One family saved many.

The Ten Booms shared their faith in Jesus, those years ago.  They are all gone now.  Most of them died in concentration camps.

Corrie lived to tell the story and what a story it is.  She was released the day after she watched her sister die. She met one of the guards  years later and had an opportunity to choose whether to forgive

or not.

A young doctor introduced himself on an occasion and said he was one of the children the Ten Booms had hidden, years earlier.

All of it is horrific, incredible, God redeemed.

I sat in that little room

listened and watched.

The girl in her broken english told the story of a family of

God lovers

who had been willing to give their lives for others, because God had given His life for them.
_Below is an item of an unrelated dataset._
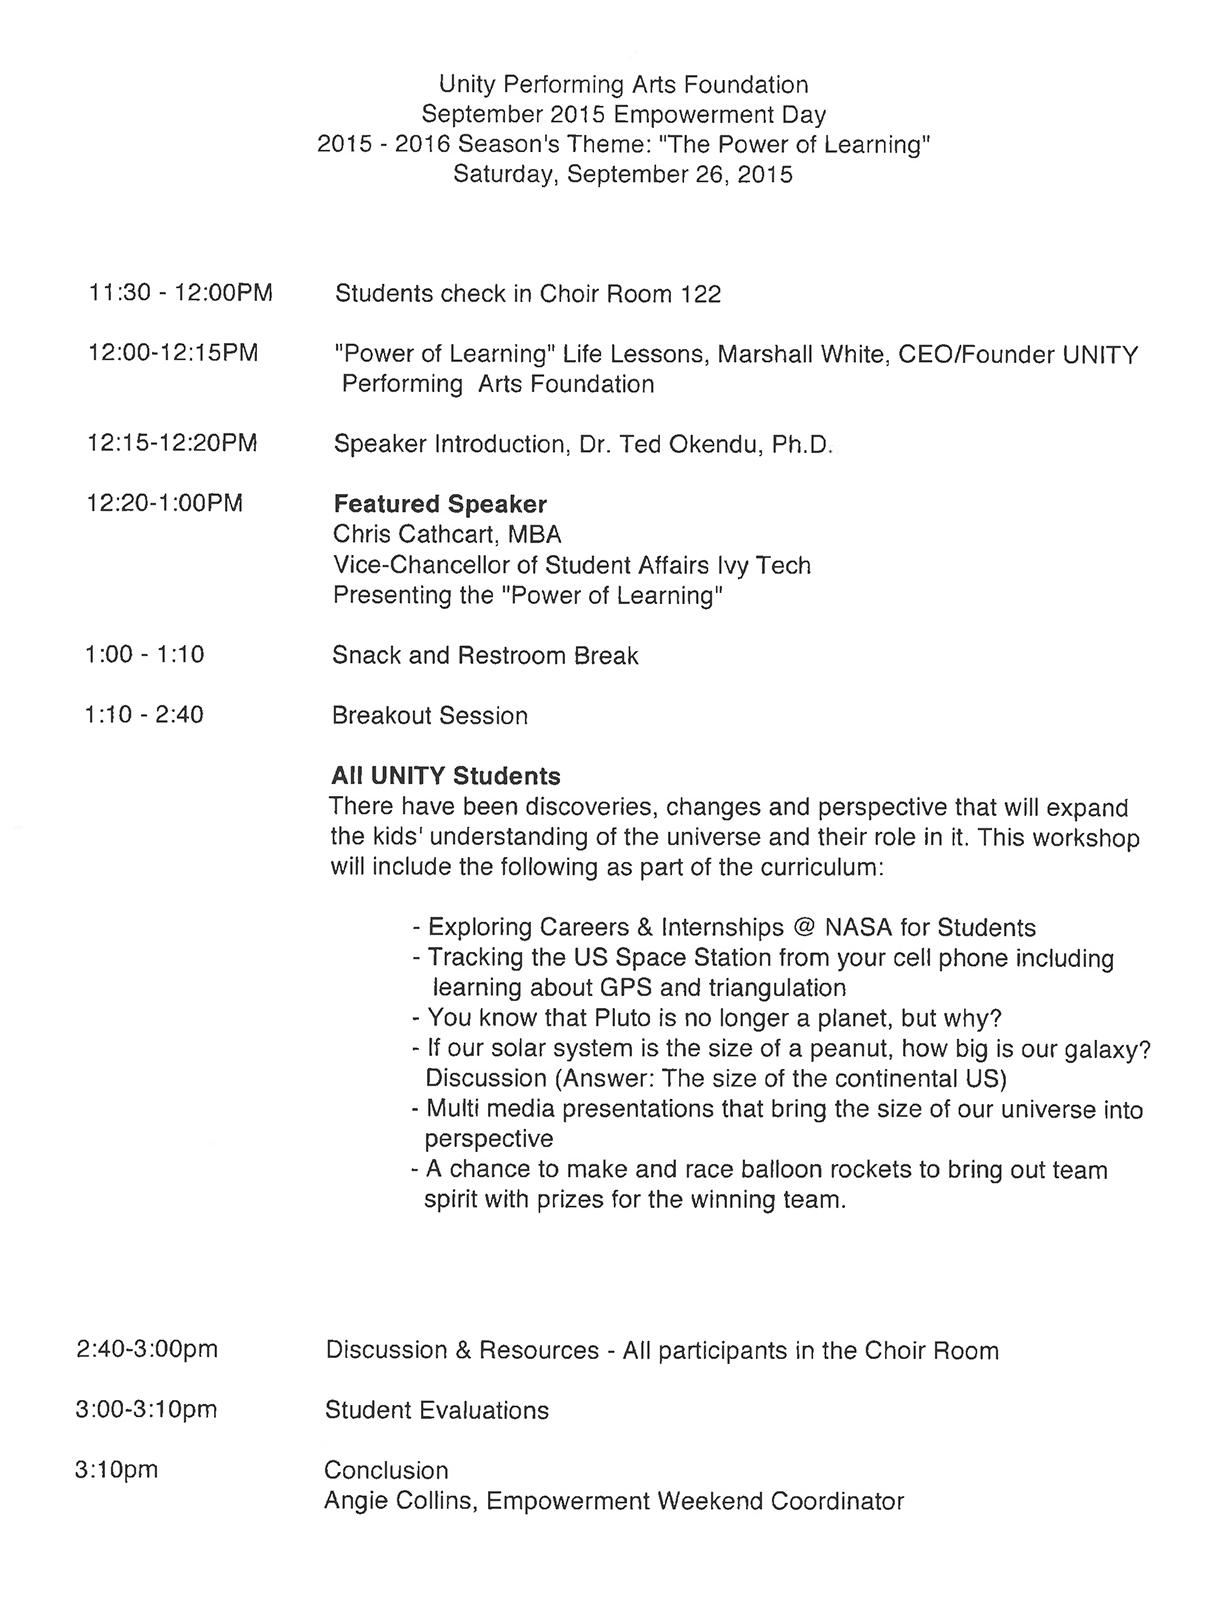 Empowerment Schedule

I thought about the groups of people coming to this place every day.  Not a lot at a time but a lot over the days and months and years.  I thought about the volunteers who share Jesus with people who know nothing about Him.  I thought about the people who read about the Ten Boom clock shop on the tourist brochures and decide to take the tour because it is a good way to kill some time.  What they don’t know, all of these people, is that God speaks, moves, opens eyes, even when we are not looking for Him to do so.

God is like that.

I looked and considered and yet again found myself swallowing tears on this day, in a little town where God had done great things and was continuing to do great things.  Beauty out of ashes.  Good from evil because of committed ones who were willing to be

Faithful!

The Spirit of the Sovereign Lord is on me,
    because the Lord has anointed me
    to proclaim good news to the poor.
He has sent me to bind up the brokenhearted,
    to proclaim freedom for the captives
    and release from darkness for the prisoners,[a]
to proclaim the year of the Lord’s favor
    and the day of vengeance of our God,
to comfort all who mourn,
    and provide for those who grieve in Zion—
to bestow on them a crown of beauty
    instead of ashes,
the oil of joy
    instead of mourning,
and a garment of praise
    instead of a spirit of despair.
They will be called oaks of righteousness,
    a planting of the Lord
    for the display of his splendor.  
Isaiah 61:1-3

“For who has known the mind of the Lord, or who has been his counselor?”